Archive for June, 2011
With the recent stable release of the CDK (1.3.12) and the inclusion of the new rendering classes, I was able to make a new release of the rcdk (3.1.1) and rcdklibs (1.3.11) packages that support cheminformatics in R. They’ve been pushed to CRAN and should be visible in a day or two. The new features in the latest version of rcdk include
- Directly evaluate molecular volume (based on group contributions) using get.volume
- Generate fingerprints using the hybridization state
- get.total.charge and get.total.formal.charge work sensibly
- Added a function (copy.image.to.clipboard) that copies the 2D depiction of a molecule to the system clipboard in PNG format
- Now, OS X users can view and copy molecule depictions. This is slower compared to the same operation on Windows or Linux since it involves shell’ing out via system. But it is better than not being able to view anything.
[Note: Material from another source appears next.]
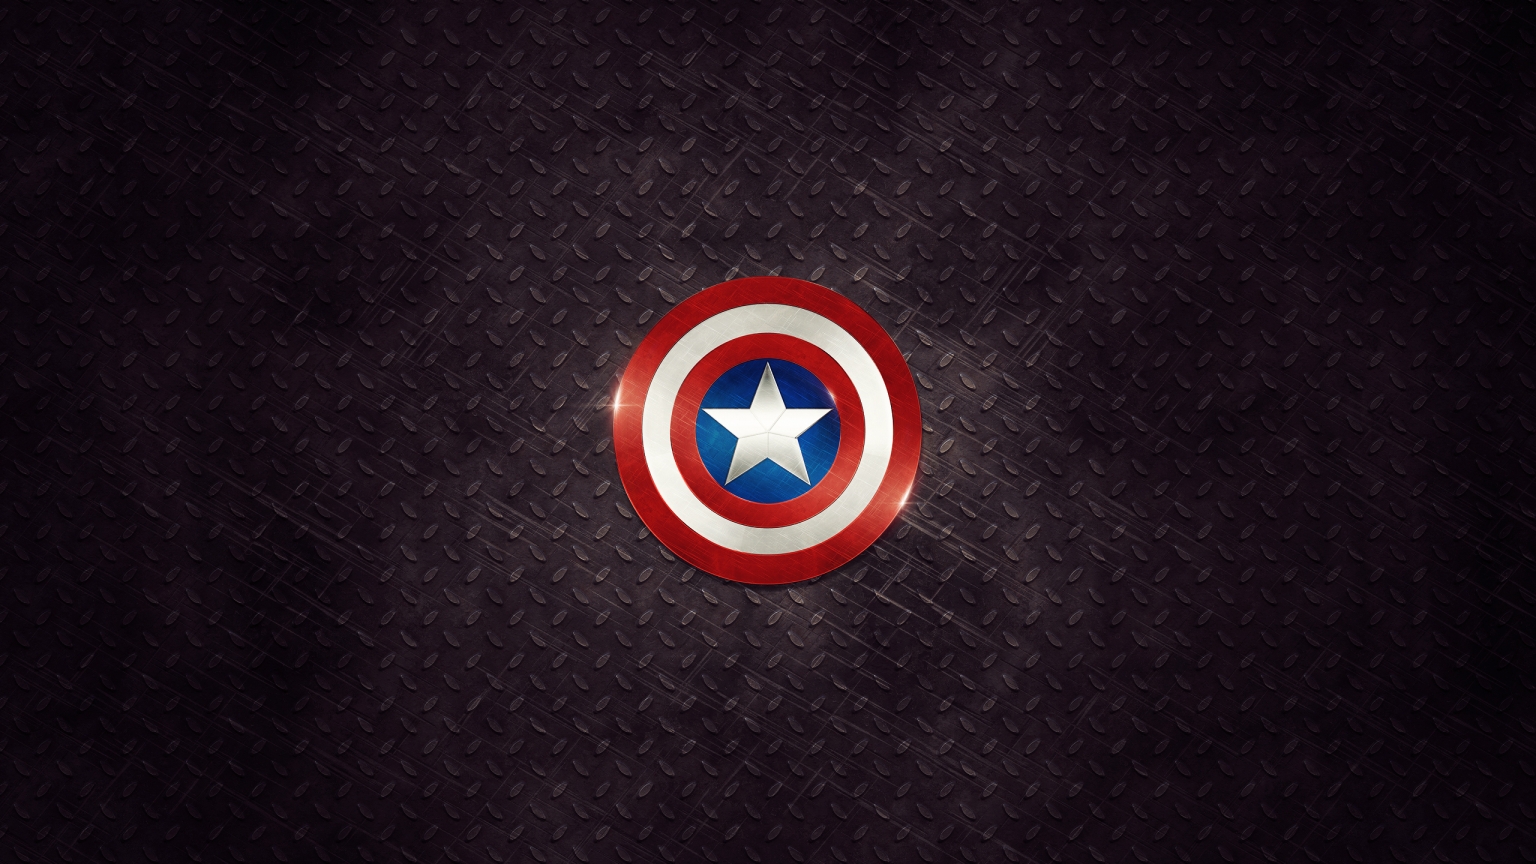 Captain America Logo for 1536 x 864 HDTV resolution

Sometime back Egon implemented a simple group contribution based volume calculator and it made its way into the stable branch (1.4.x) today. As a result I put out a new version of the CDKDescUI which includes a descriptor that wraps the new volume calculator as well as the hybridization fingerprinter that Egon also implemented recently. The volume descriptor (based on the VABCVolume class) is one that has been missing for the some time (though the NumericalSurface class did return a volume, but it’s slow). This class is reasonably fast (10,000 molecules processed in 32 sec) and correlates well with the 2D and pseudo-3D volume descriptors from MOE (2008.10) as shown below. As expected the correlation is better with the 2D version of the descriptor (which is similar in nature to the lookup method used in the CDK version). The X-axis represents the CDK descriptor values.
I’ve submitted version 3.4.3 of the fingerprint package to CRAN, so it should be available in a day or two. It’s an R package that lets you read in (chemical structure) fingerprint data from a variety of sources (CDK, MOE, BCI etc) and perform a variety of operations (bitwise, similarity, etc.) and visualizations on them.
The two main additions to this version are
- Read support for the new FPS fingerprint format described by Andrew Dalke at the chemfp project. Note, it currently discards some of header information
- The fingerprint class now has a field, misc, (a list) that allows one to read in extra, arbitrary data that might be provided along with a fingerprint. Exactly what gets stored in this field depends on the line function used to read in the fingerprint data. Currently only the FPS parser returns extra data (when available) in this field.
As always, you can get the package source directly from the Github repository.